Добрыня с детства видел красочный мир Киева, вырос на берегу
великой реки, постоянно зрел иноземных купцов, заморских гостей, слышал чужую
речь. Ему давали подержать драгоценные мечи, узорные ткани, а когда однажды
взяли как отрока в дальнюю поездку за данью в одно из лесных племен, со страхом
и удивлением, что перешли в горечь, увидел, что на самом деле мир его отца и
дедов маловат и скуден.
Святославу часто нашептывали на молодого богатыря: мол,
волчонок отомстит за пленение родителей и разор царства, которое его царство,
но Святослав отмахивался: не дурак Добрыня, хоть и силен. Здесь он уже получил
больше своим умом и отвагой, чем если бы сидел лесным царьком в глуши…

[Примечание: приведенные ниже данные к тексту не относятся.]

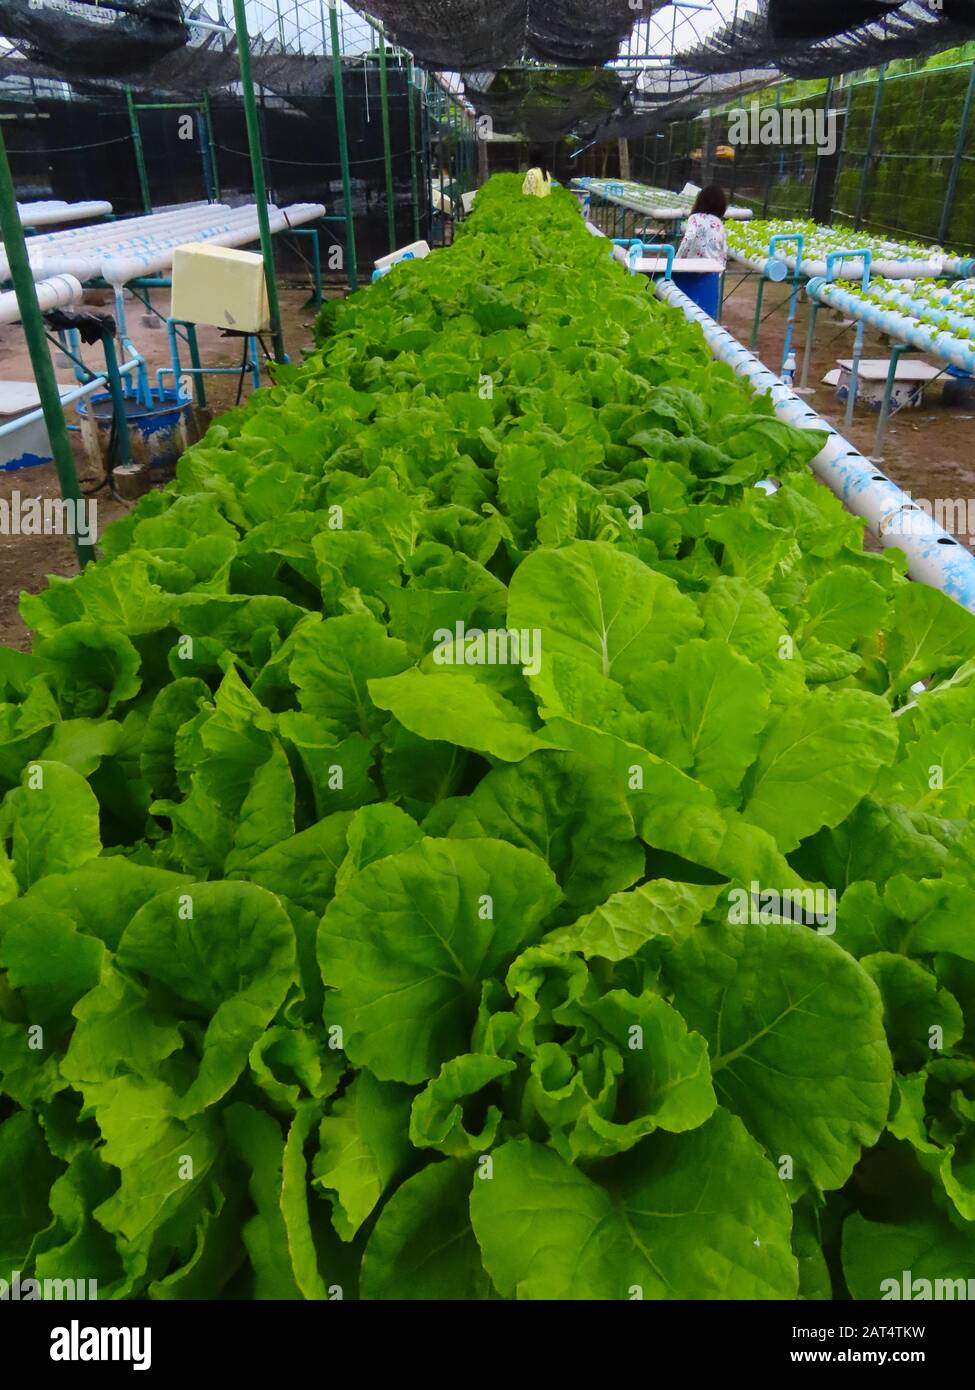 Organic farming of Lettuce Stock Photo

Пленного князя Мала насильно окрестили, греческий священник
при княгине Ольге нарек его Никитой и долго внушал, что отныне он раб не только
великой княгини, но и божий и что сам бог велит во всем повиноваться своим
господам, не перечить, а буде те врежут по правой щеке, тут же подставлять
левую. Мал хмуро молчал, он знал, что княгиня Ольга, приняв чужую веру, должна
именоваться Еленой, так ее переназвали чужаки в черных одеяниях, но и другие ее
зовут по-прежнему Ольгой, и сама себя так кличет. А левую щеку никому не
подставит.
Милена собрала пустые миски. Добрыня указал глазами на Бора,
она тут же ухватила мальчонку за руку:
— Пойдем со мной, поможешь мыть посуду.
— Не хочу… Я посижу послушаю!
— Борька, не упрямься, — сказала она
строже. — Это же так интересно!
— Что? — удивился малыш. — Мыть посуду?
— Миски были грязные, — объяснила она, — а
начинают блестеть!
— Мужчины посуду не моют, — ответил он гордо.
— Расти быстрее, — засмеялась Милена, — вот и
станешь мужчиной. А пока годишься только мыть посуду. Пойдем, не упрямься.
Когда за ними захлопнулась дверь, Добрыня повернулся к отцу.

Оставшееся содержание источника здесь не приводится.